This should be interesting to follow. As with the London tube attacks, homegrown, no direct link to "Osama" claimed, just inspired by his dreams:

17 Terror Suspects Arrested in Toronto

filed June 3, 2006 12:04 p.m. ET

TORONTO (AP) -- Canadian authorities said Saturday they had foiled plans for terrorist attacks in southern Ontario with the arrests of 17 people who were ''inspired by al-Qaida.''

The Royal Canadian Mounted Police said they had arrested 12 male adults and five youths on terrorism-related charges, including plotting attacks with explosives on Canadian targets. The suspects were either citizens or residents of Canada and had trained together, they said.....

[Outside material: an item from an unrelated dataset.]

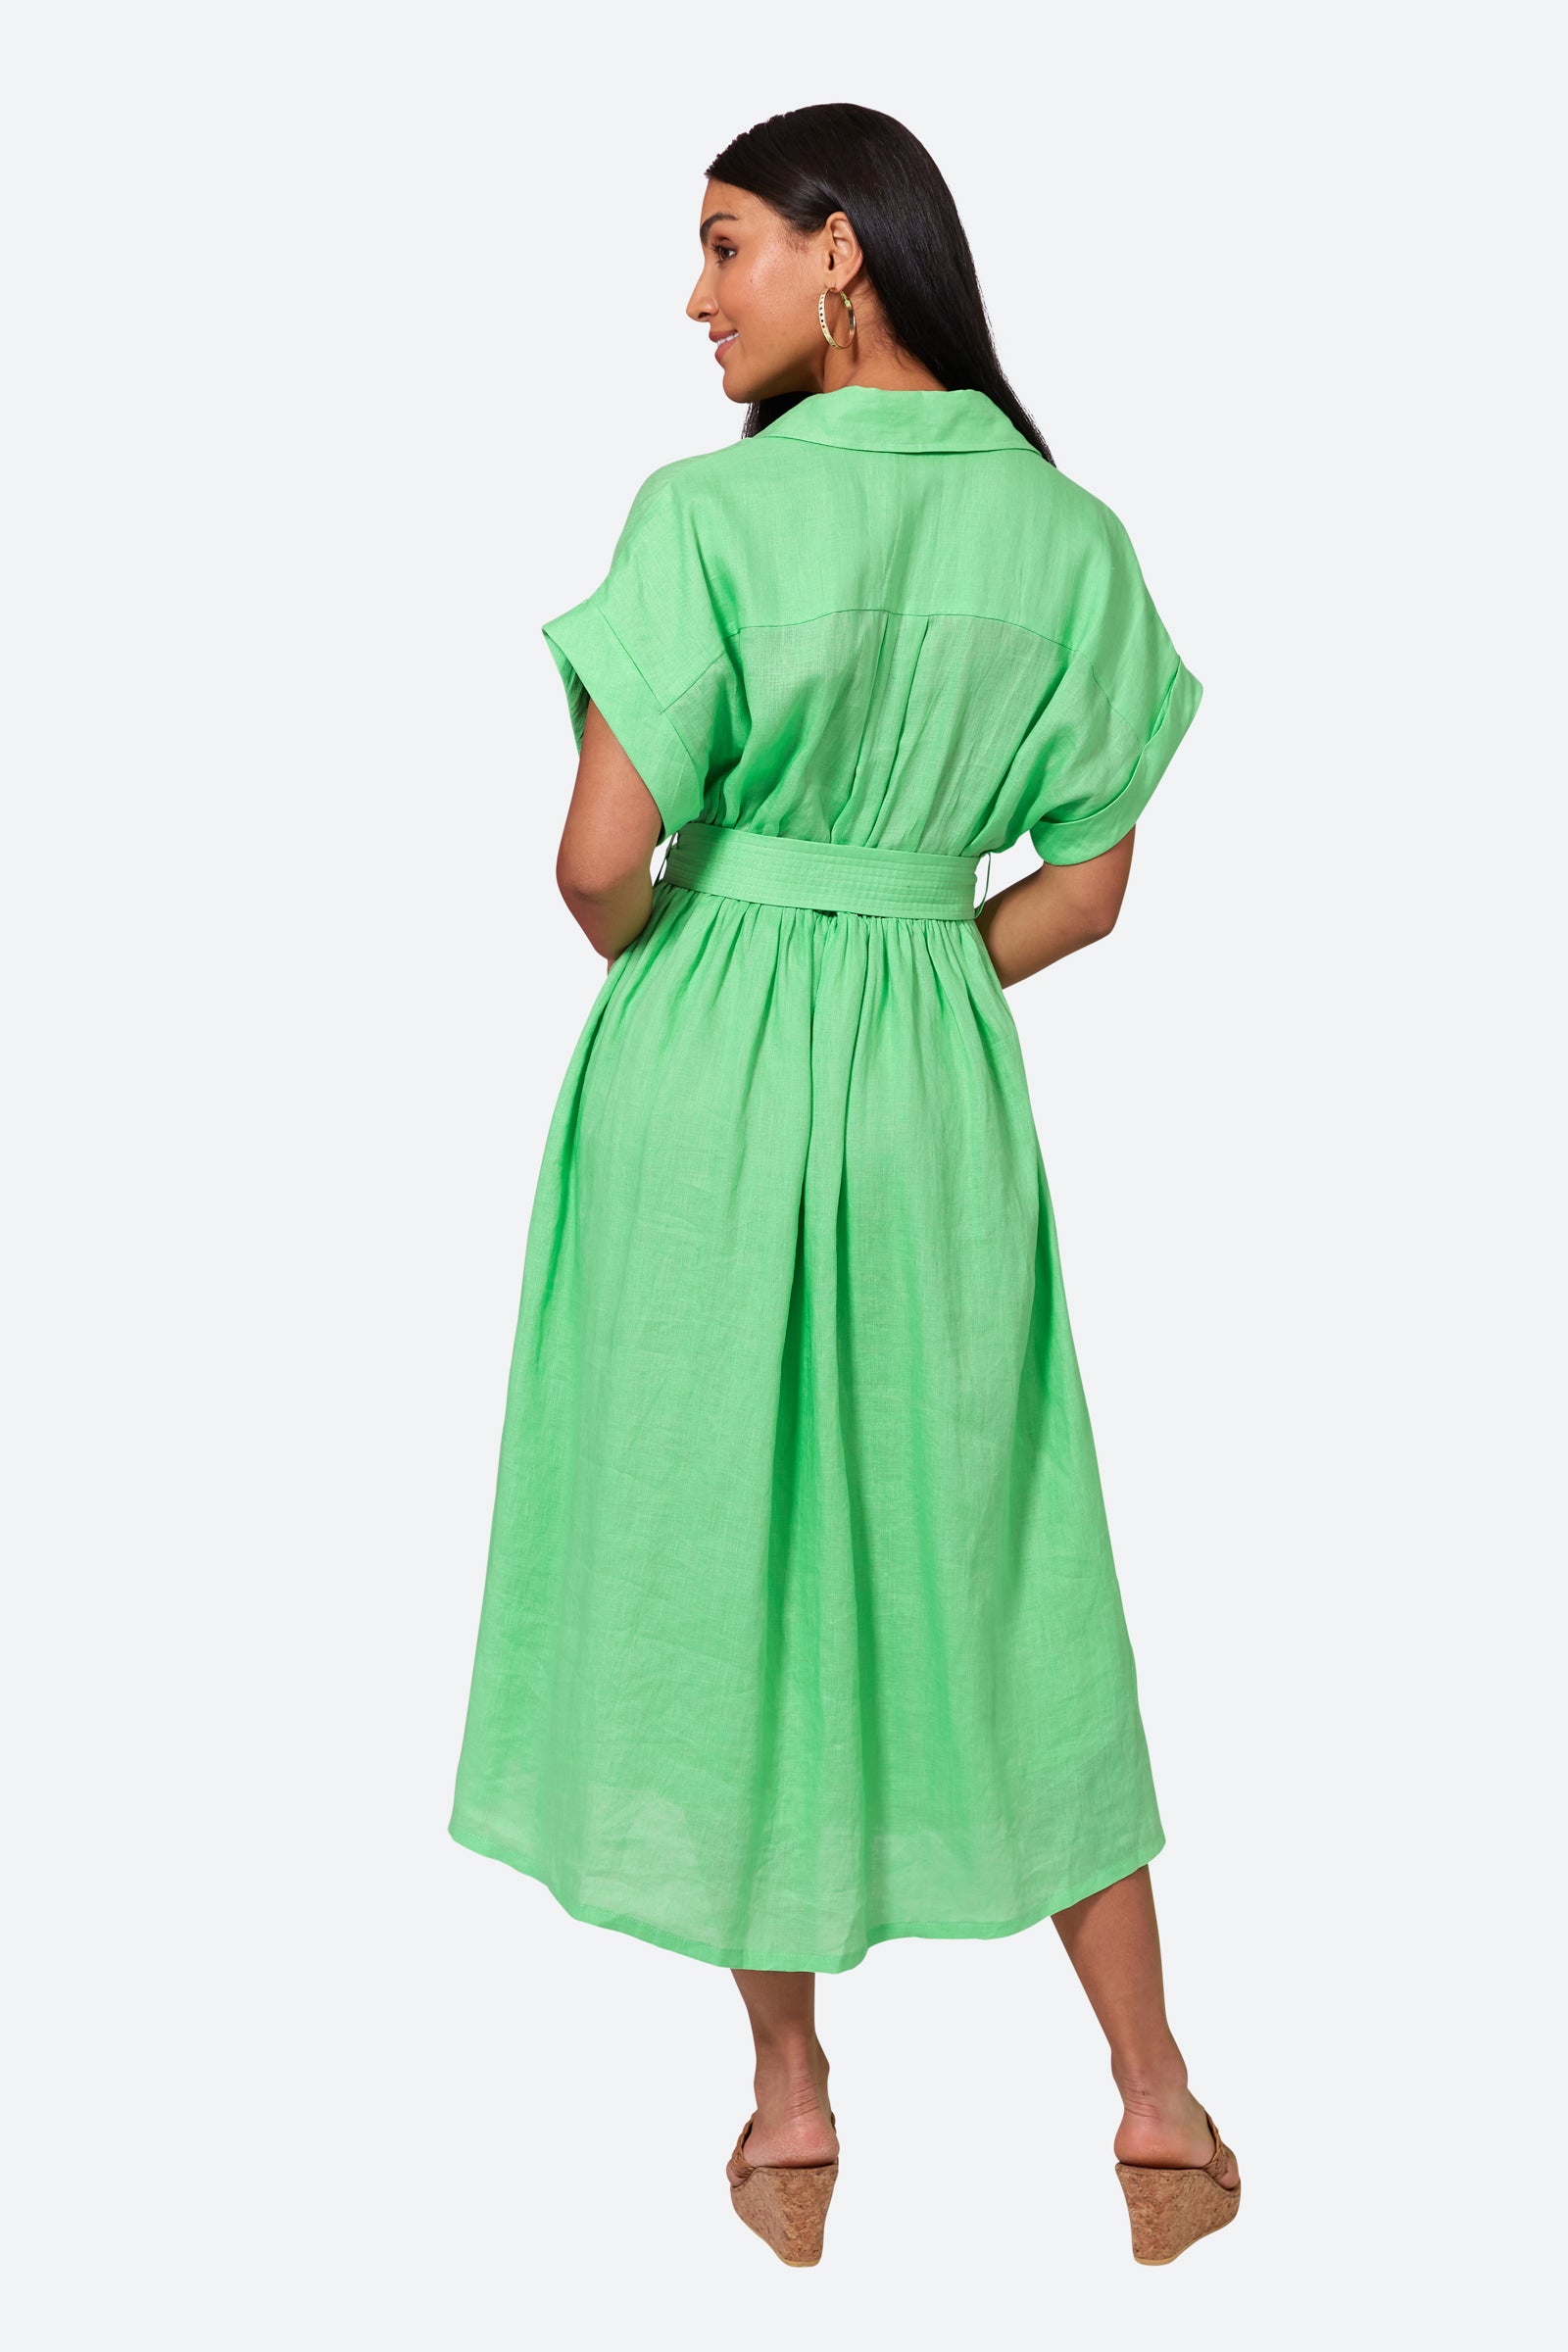 La Vie Shirt Dress - Kiwi - eb&ive Clothing - Shirt Dress Maxi Linen
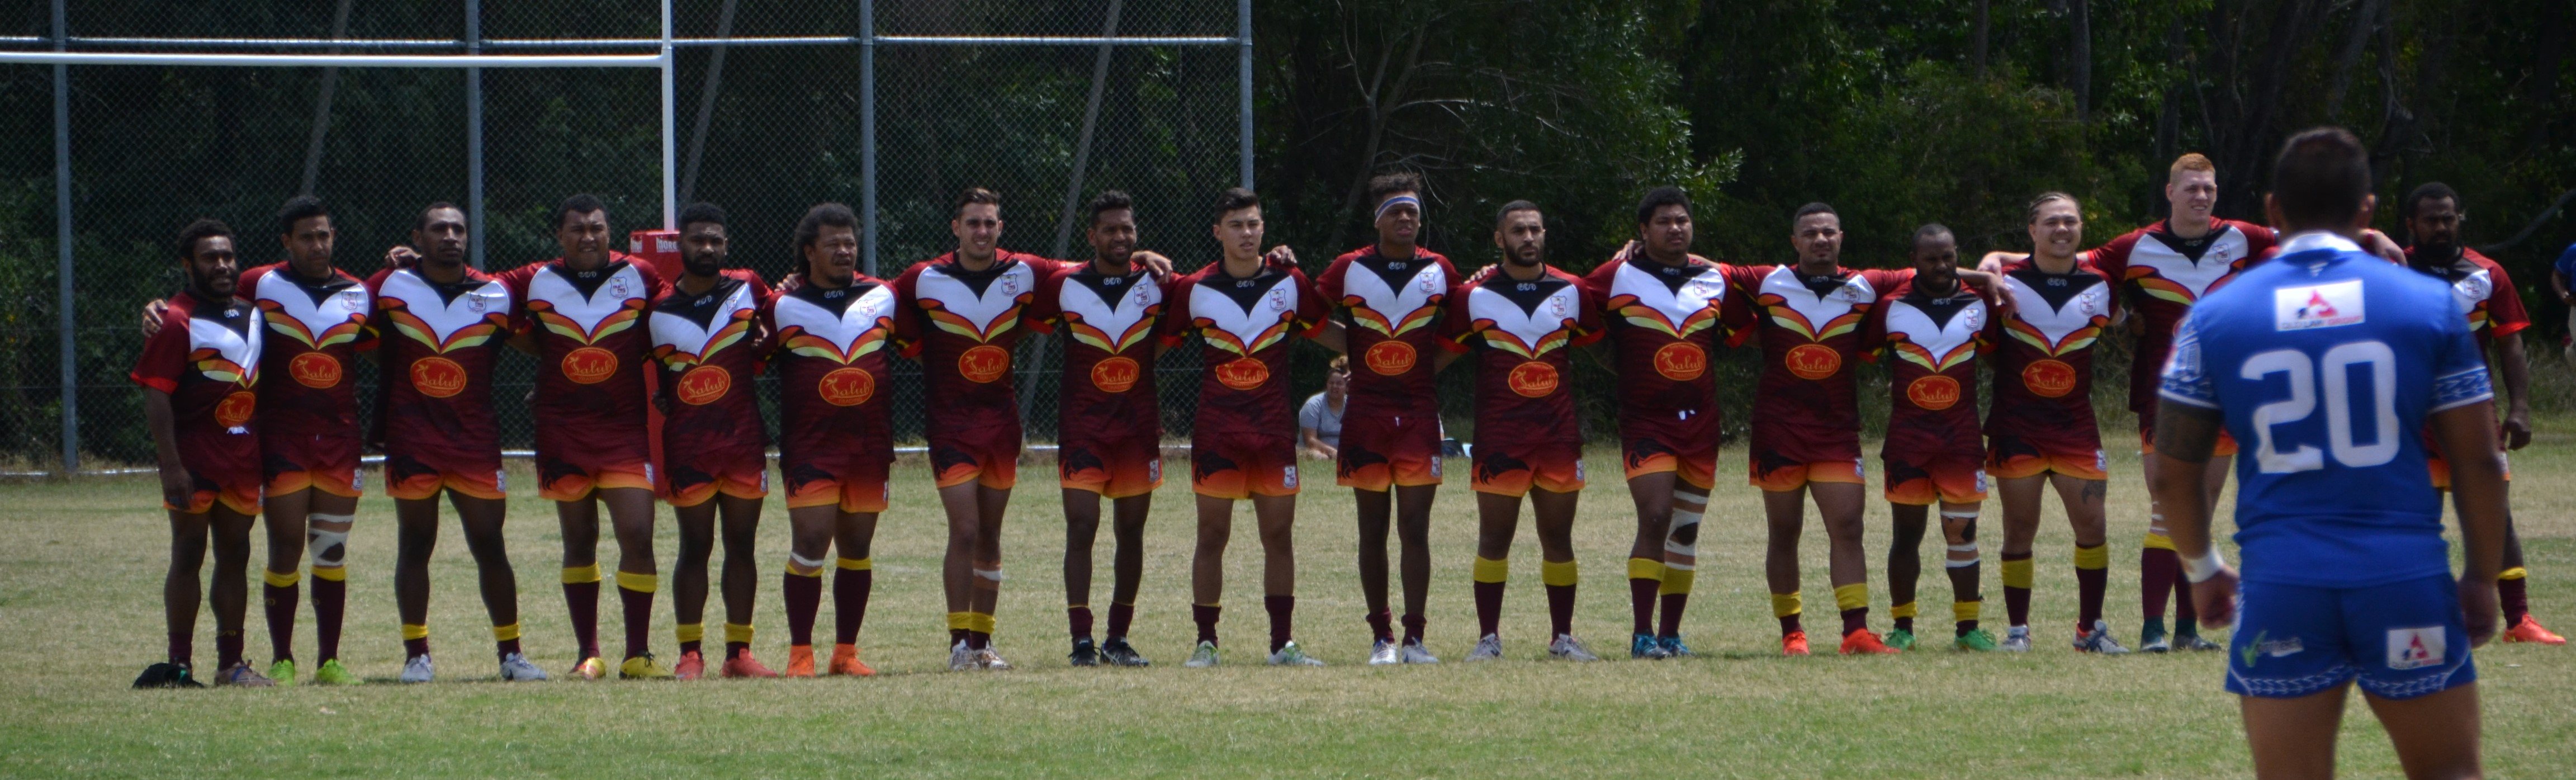 QLD PNG Rugby League Representative Team & Development Program

speaking of London, there's also news....the rumors of a dirty bomb being involved look like they are coming from "The Sun," so that may be bull, but I note that the operation was "one of the biggest since last July’s suicide bombings."

Reports: U.K. police hunt for 'dirty' bomb

Major raid fails to unearth chemical device believed to exist, papers say

4:21 a.m. ET June 3, 2006

Reuters

....The operation, one of the biggest since last July’s suicide bombings in the capital, was prompted by suspicions that the house could have been used for making bombs or chemical weapons.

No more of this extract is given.